The city of Minneapolis’ agenda at the Legislature next year includes tightening public records laws the city deems overly burdensome on public agencies.
City lobbyist Steve Huser recently told a Minneapolis City Council panel that city officials would like to ask lawmakers to clarify whether emails, text messages and draft documents should be classified as public or private under the open records law, which is called the Data Practices Act in Minnesota.
The city also wants to address large, time-consuming and vague requests for public data. Huser said many cities incur heavy costs — and expend a lot of time and effort — responding to large or vague data requests. He said the city would like the Legislature to allow fees to be collected to help cover those costs or clarify whether such requests can be denied.
The issues are outlined in a document about the city’s 2024 legislative agenda, but city spokesman Casper Hill said it was for discussion purposes only. “The city does not plan to draft or promote a specific bill on this,” Hill said.
Media outlets generally oppose any changes that would inhibit access to public documents, because journalists rely heavily on the law to obtain a plethora of information.
Don Gemberling, who is on the board of a pro-government transparency group called the Minnesota Coalition on Government Information but speaking for himself, said the city seems to be pursuing “retreaded issues” that have been discussed before.
“I also sense a lack of real understanding of the issues they raise and, in some cases, the way that the DPA or common sense already handles the problem,” he said in an email.
For example, if the city gets a vague records request, the common sense solution is to go back to the requestor and clarify what they’re seeking.
“The statute does not say that, nor does it need to be amended to say that,” Germberling said. “Common sense says that.”
Gemberling was struck by the fact that after the proposal was presented to City Council members, they didn’t ask a single question — which he deemed a “sad comment on democracy as it is practiced in Minneapolis.”
Matt Ehling, another MNCOGI board member speaking for himself, said this is the kind of proposal his group has routinely opposed.

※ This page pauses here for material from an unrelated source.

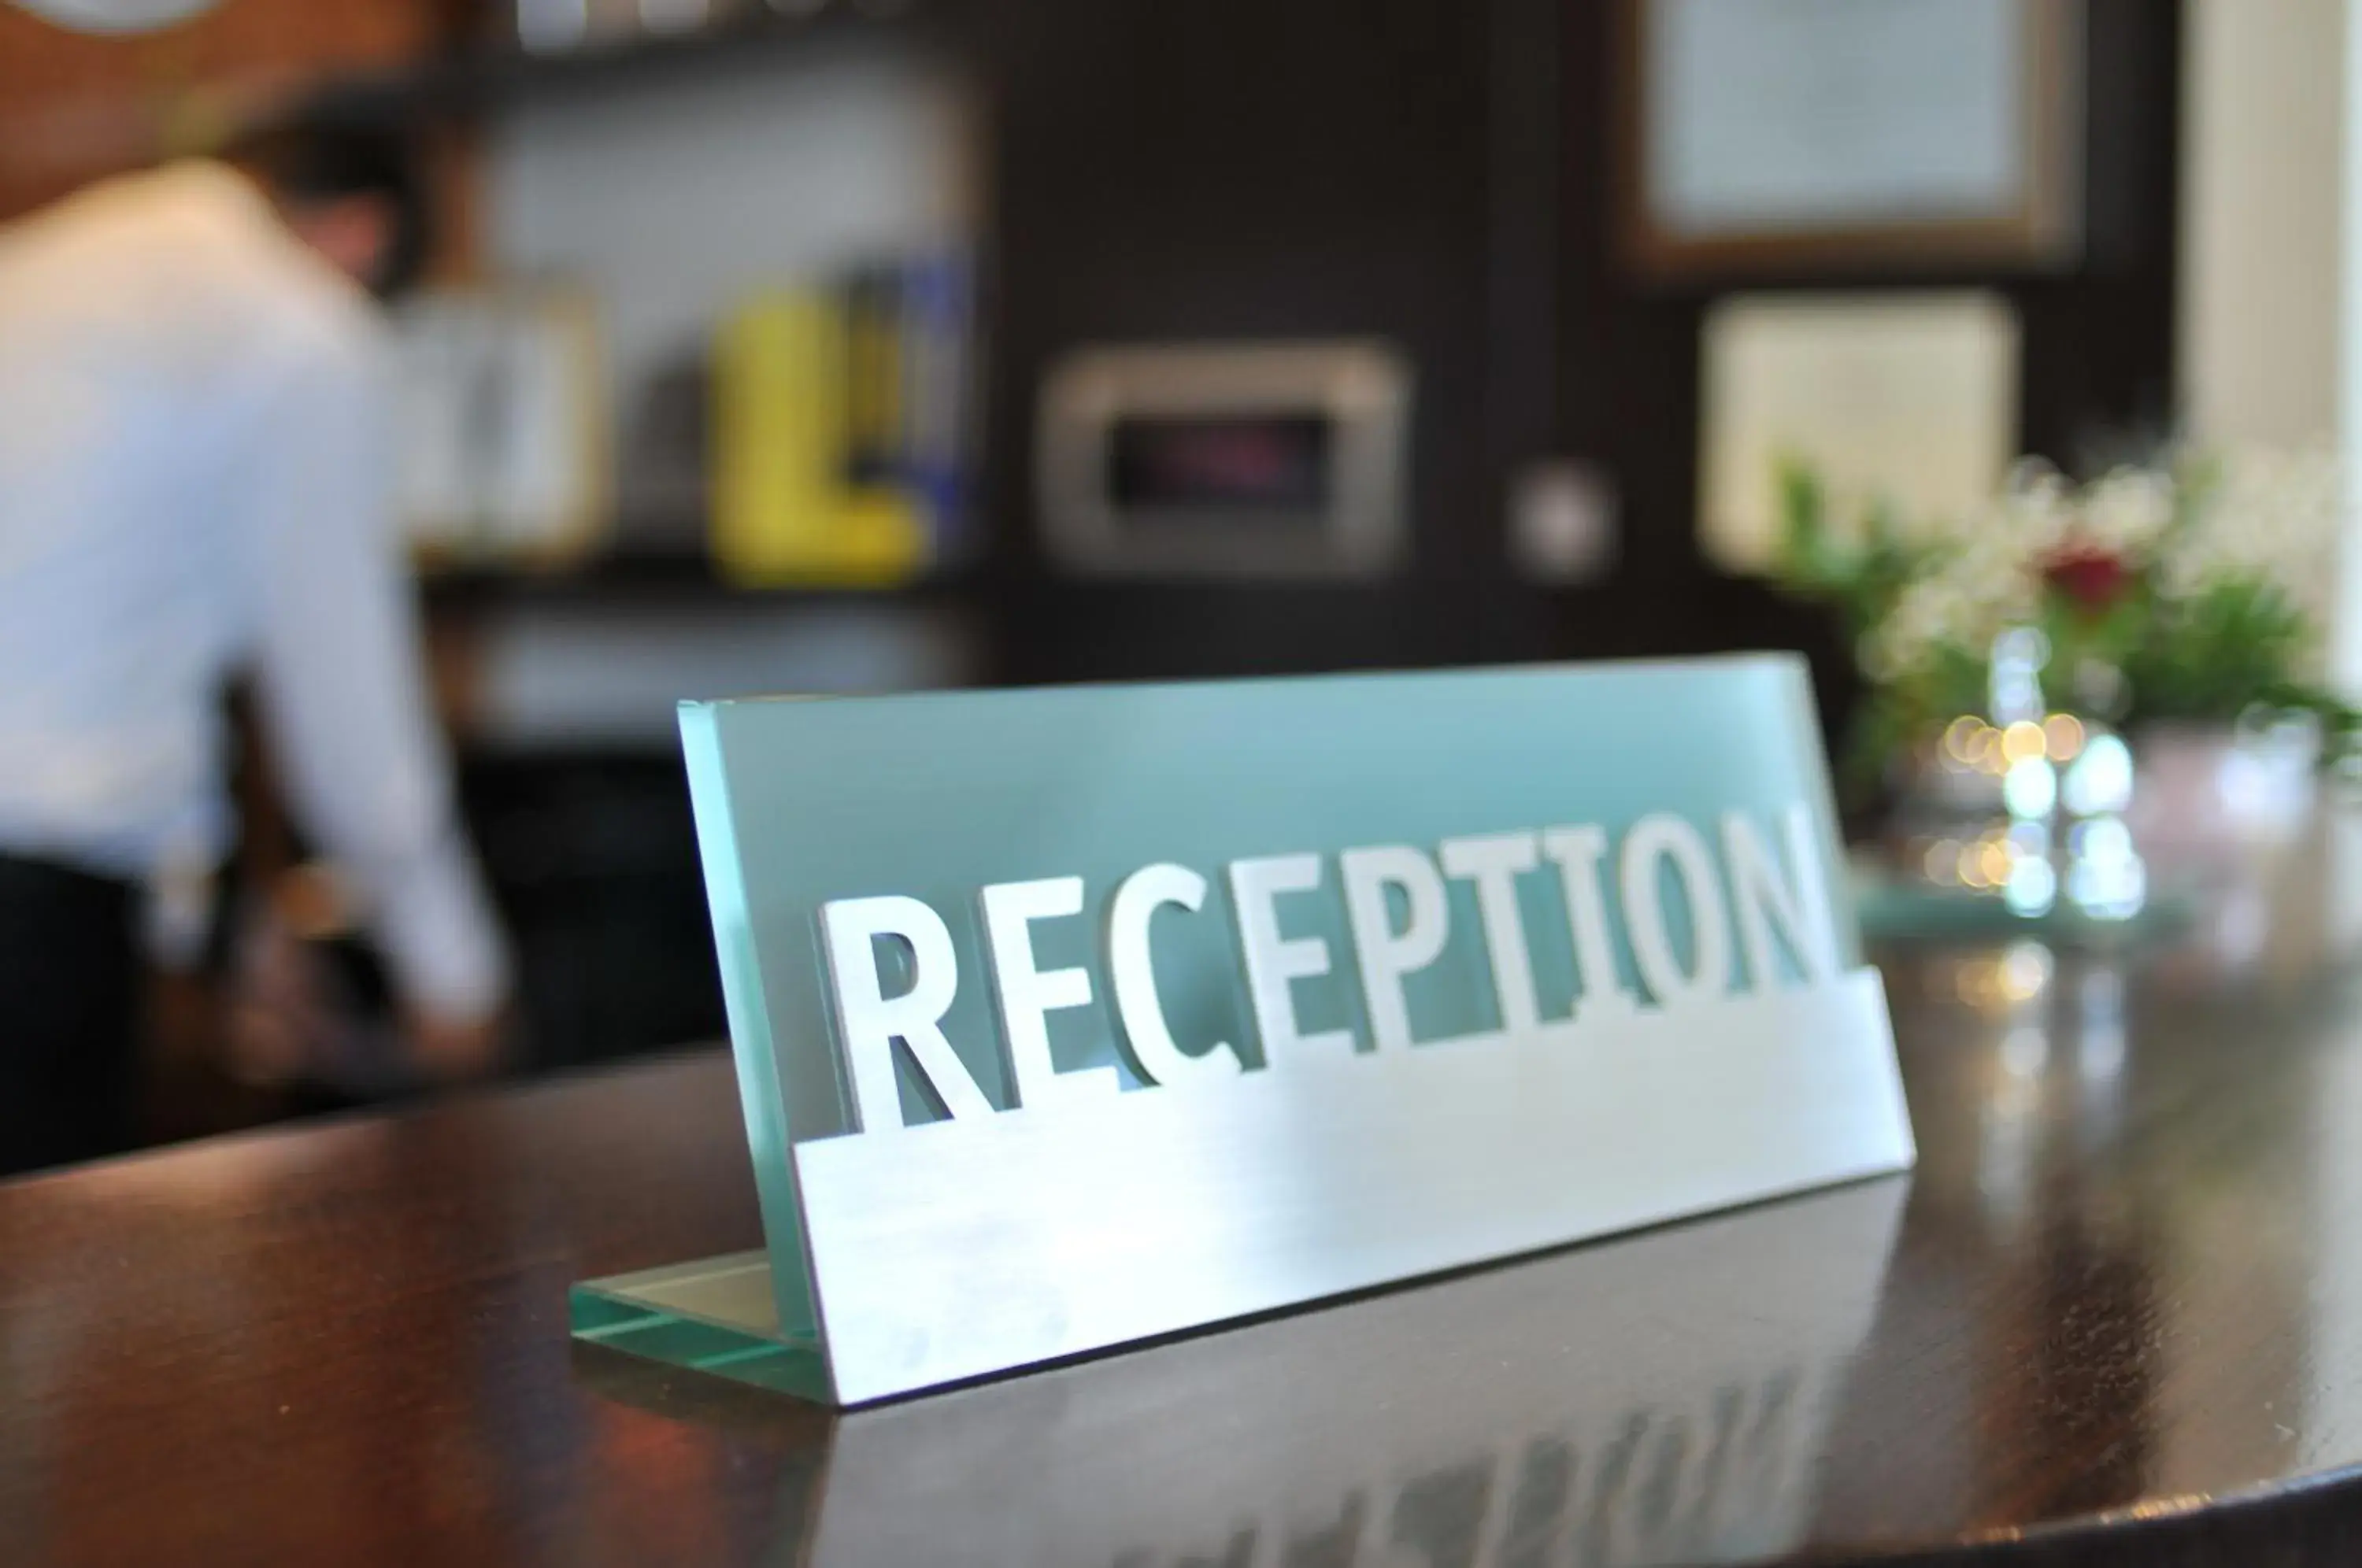 Lobby or reception in MonarC Hotel

For years, the League of Minnesota Cities has sought to allow cities to deny “burdensome” requests.
But the state Supreme Court has ruled there’s no such exception in the law, after which the League dropped the issue.
“But other entities always try to call for it,” Ehling said. “We will oppose it again, as it provides the government with too robust a tool kit for denying even basic requests, if they become the arbiters of what is ‘burdensome’.”

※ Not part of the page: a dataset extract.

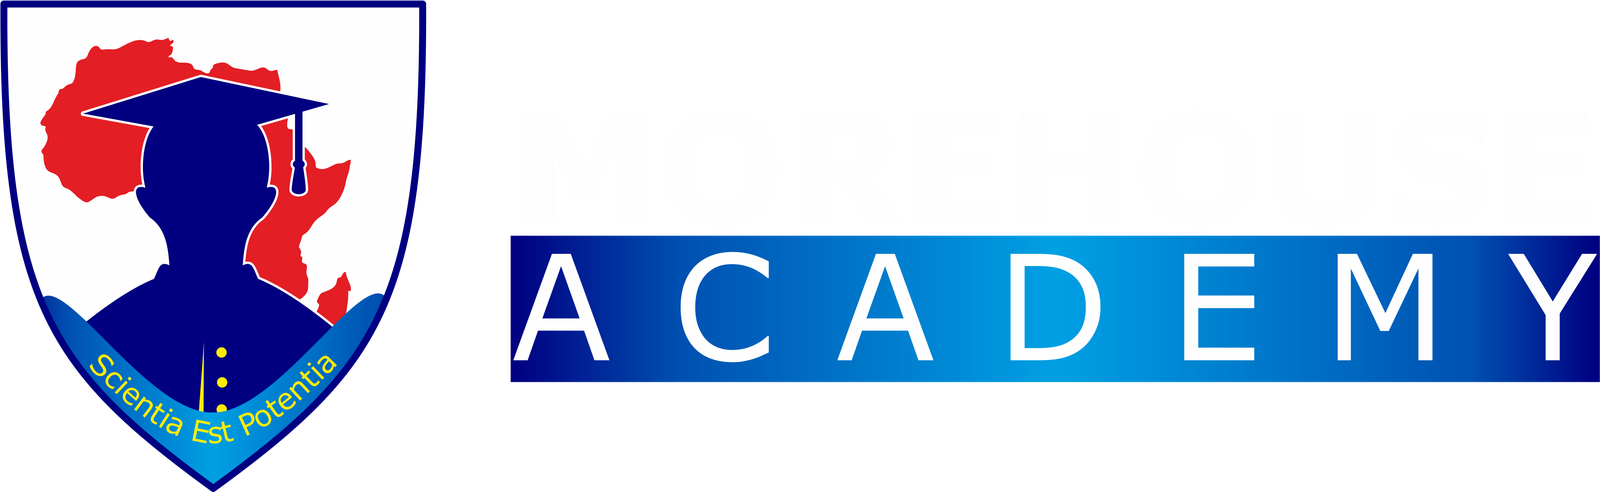 MoreHouse Academy Logo

Ehling said city officials are being disingenuous about not knowing whether emails and text messages have to be disclosed.

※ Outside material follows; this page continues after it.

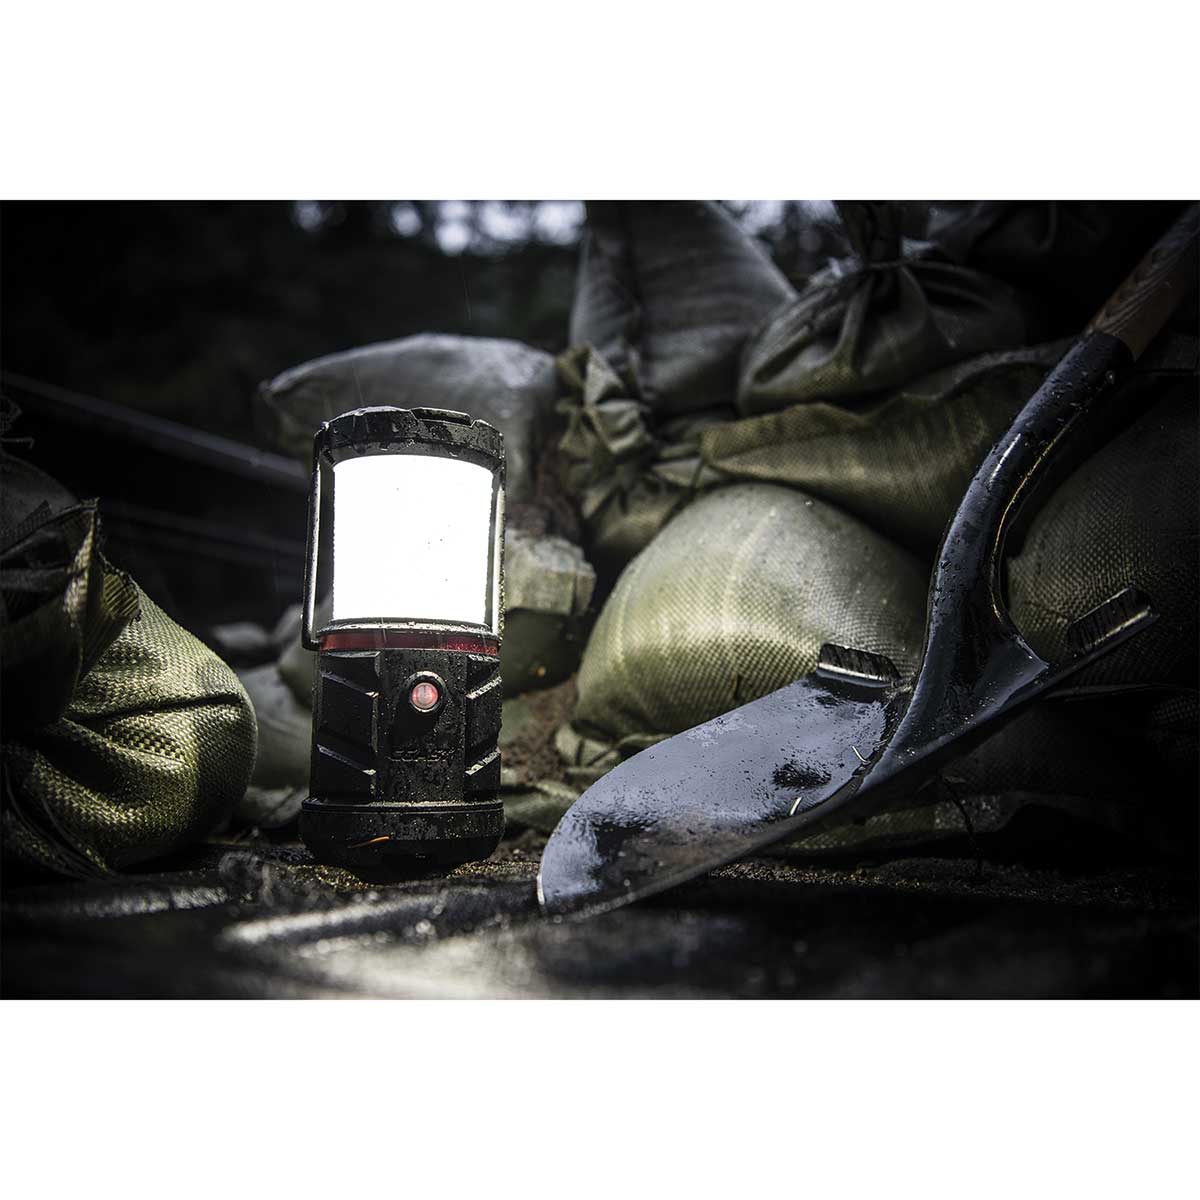 Coast LED Emergency Area Lantern - EAL22

“The city knows very well that email, text messages, and draft documents are all government data as defined by the Data Practices Act,” Ehling said. “They also know that all of that data is public unless portions can be withheld under existing exceptions.”
By raising the issue, they’re implicitly suggesting that emails, text messages, and draft documents should be classified as non-public, which would eliminate a huge amount of government data from public access — “a non-starter that MNCOGI will strongly oppose.”
The city of Minneapolis has a decidedly mixed record on transparency issues. Independent journalist Tony Webster sued the city to get police discipline files in 2019, and eventually settled the lawsuit for $100,000. The ACLU also sued the city on behalf of MNCOGI after the city denied its request for more police disciplinary data.